Stopping and searching the car and person of defense counsel coming into a USMS jail did not violate defendant’s right to access to counsel. The limitations were all reasonable. United States v. Freeman, 2025 U.S. Dist. LEXIS 6745 (E.D. Okla. Jan. 14, 2025):
Cimarron’s regulations and practices have not unjustifiably obstructed Defendant’s access to counsel in this matter. Particularly, as it pertains to Mr. Perkins’ first two visits, Cimarron had a special governmental need such that it could search Mr. Perkin’s vehicle without probable cause or reasonable suspicion.
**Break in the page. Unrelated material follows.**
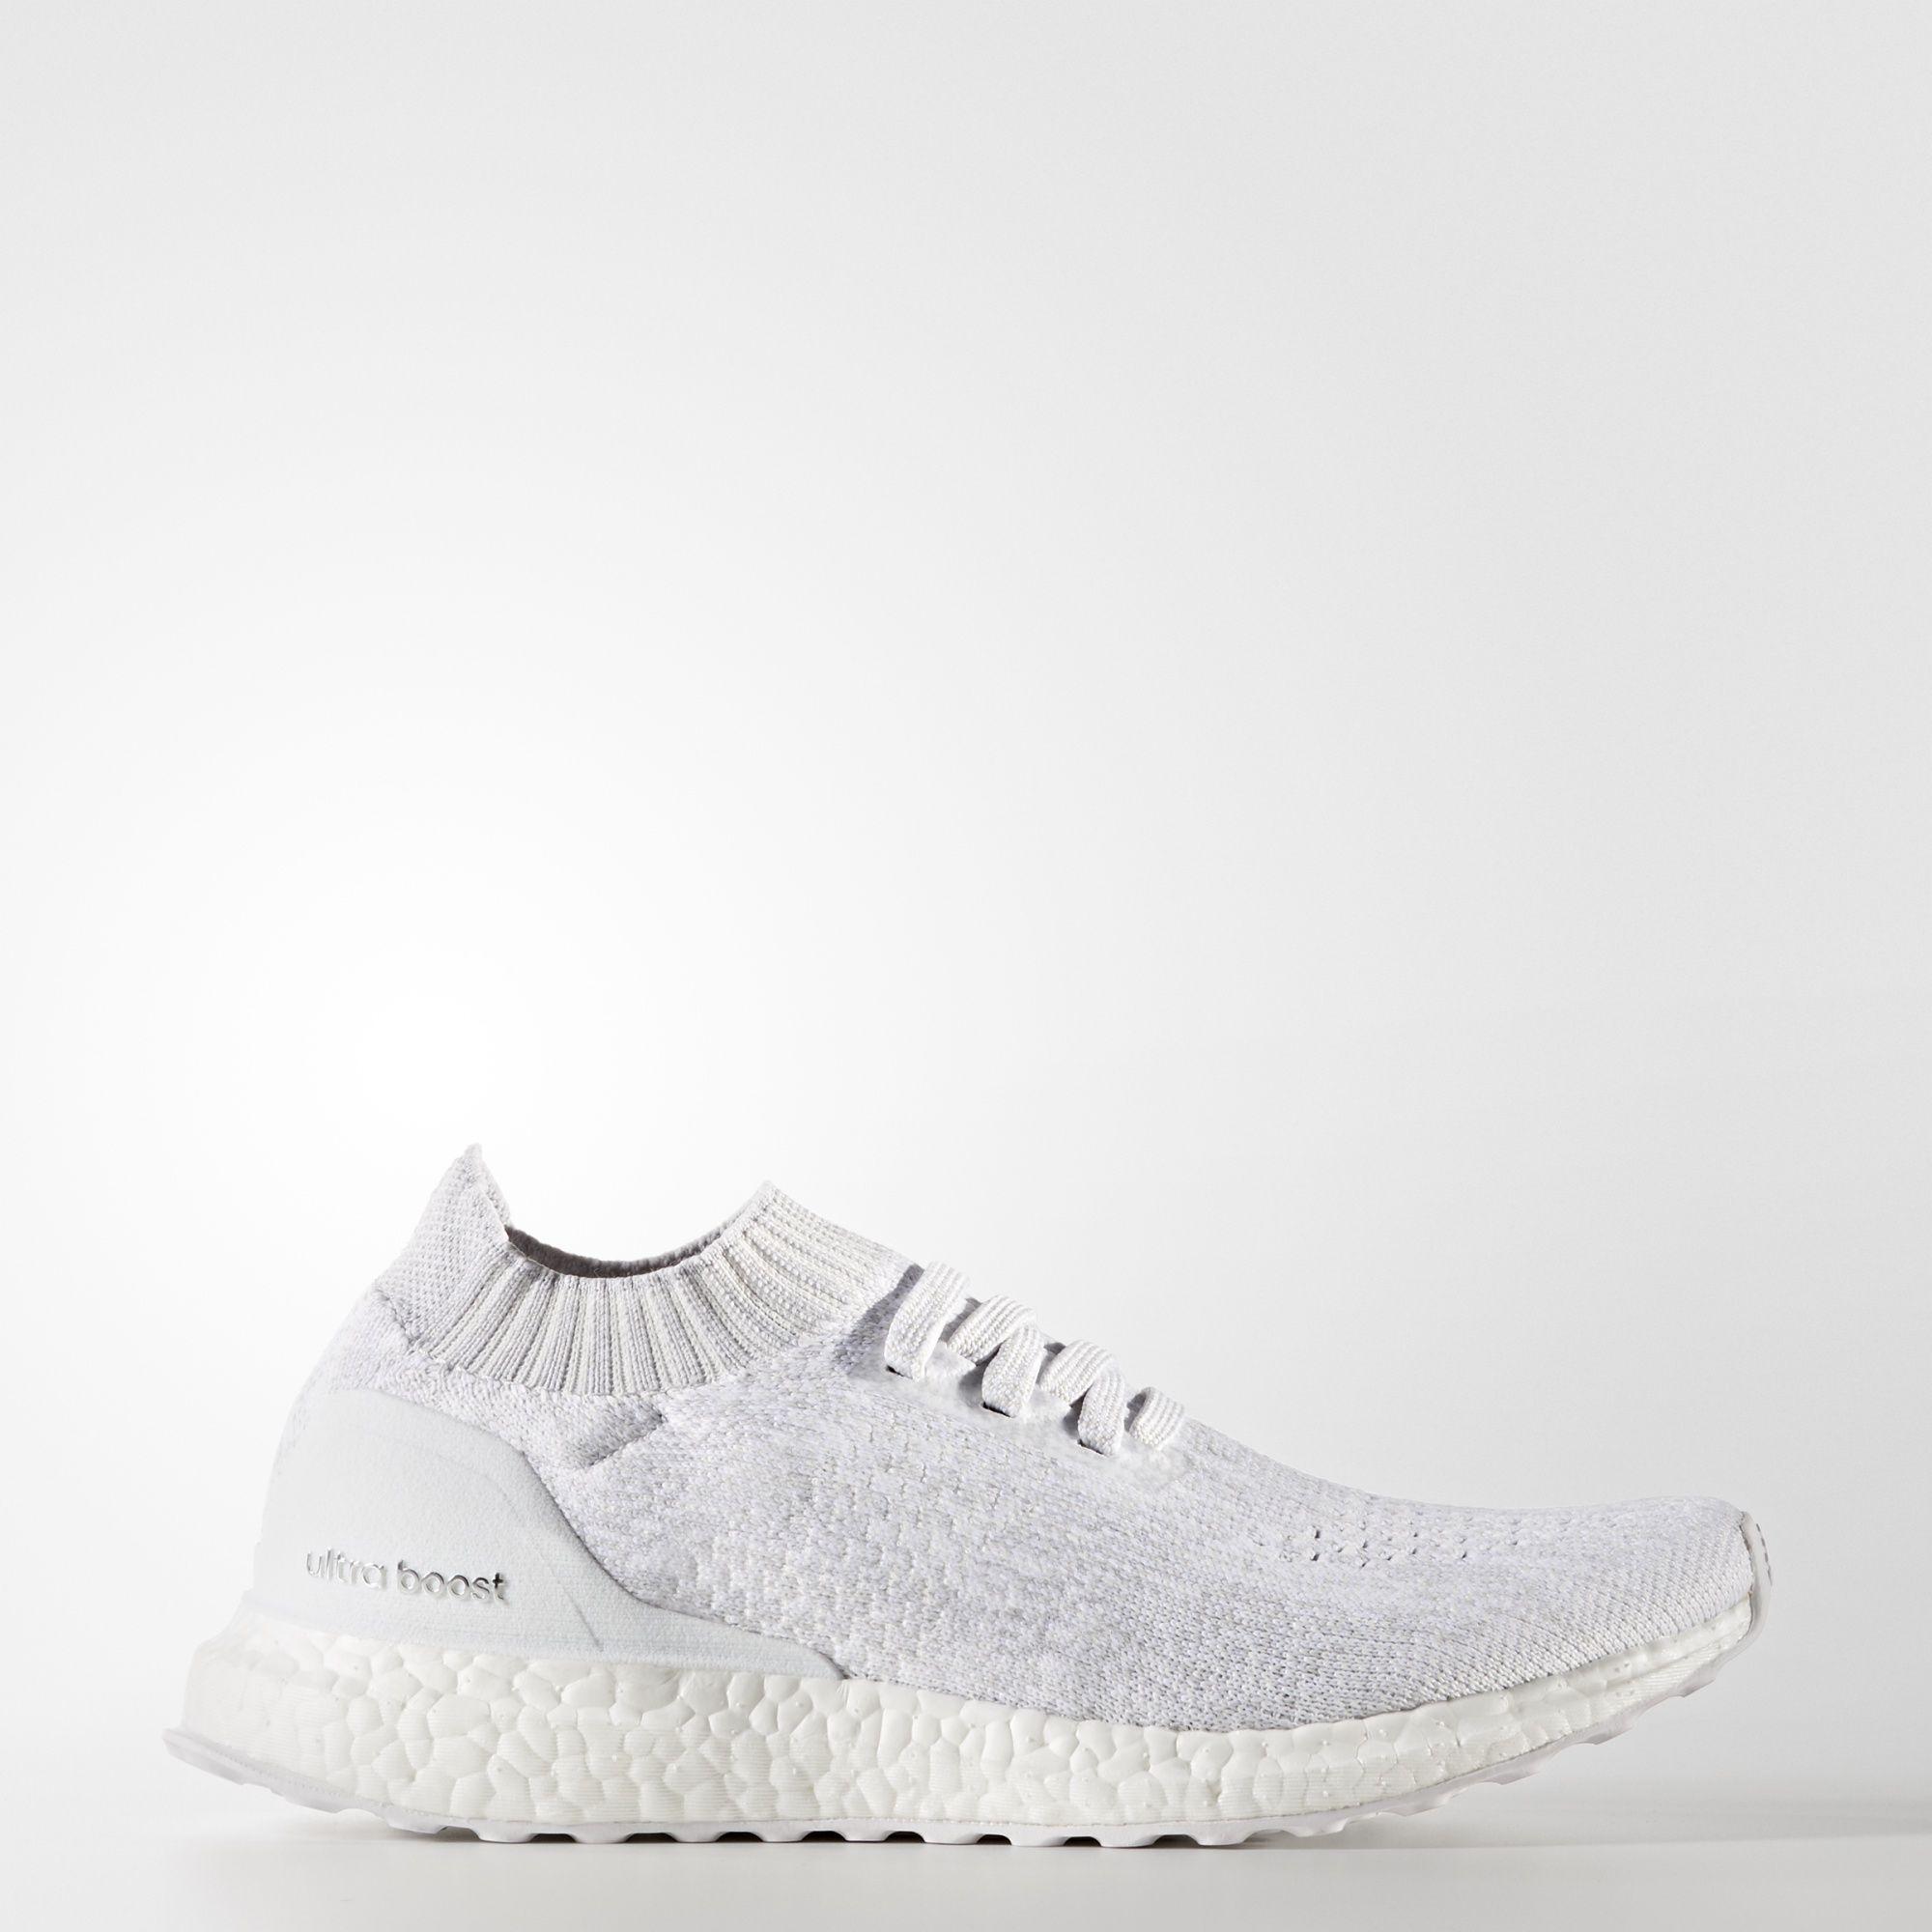 8f94c31b ... where can i buy adidas ultraboost uncaged sko 168a6 0de09

The Supreme Court has explained that “neither a warrant nor probable cause, nor indeed any measure of individualized suspicion, is an indispensable component of [Fourth Amendment] reasonableness in every circumstance.” Nat’l Treasury Emps. Union v. Von Raab, 489 U.S. 656, 665, 109 S. Ct. 1384, 103 L. Ed. 2d 685 (1989). One such instance where neither a warrant nor probable cause is required to conduct a search is when “special needs” make such a requirement impracticable. Romo v. Champion, 46 F.3d 1013, 1016 (10th Cir. 1995). The constitutionality of a “special needs” search under the Fourth Amendment is evaluated through a balancing test of the government’s needs and the individual’s privacy interest. Id. at 1017.
In this regard, the facts of the present case are analogous to those presented in Romo. In Romo, Mr. Romo’s vehicle was stopped and searched at a roadblock outside of an Oklahoma prison. Id. at 1015. Mr. Romo and the passenger were required to open the doors and trunk of the car and were subjected to a canine sniff of their vehicle and bodies. Id. Mr. Romo subsequently brought suit alleging that his Fourth Amendment right to be free from unreasonable searches and seizures was violated. Id. The Tenth Circuit conducted a balancing test and found that although “persons visiting a prison possess a legitimate expectation of privacy,” such expectations were outweighed by the facility’s “special need” in prison security and efforts to prevent the entry of contraband. Id. at 1010 (internal citations and quotations omitted).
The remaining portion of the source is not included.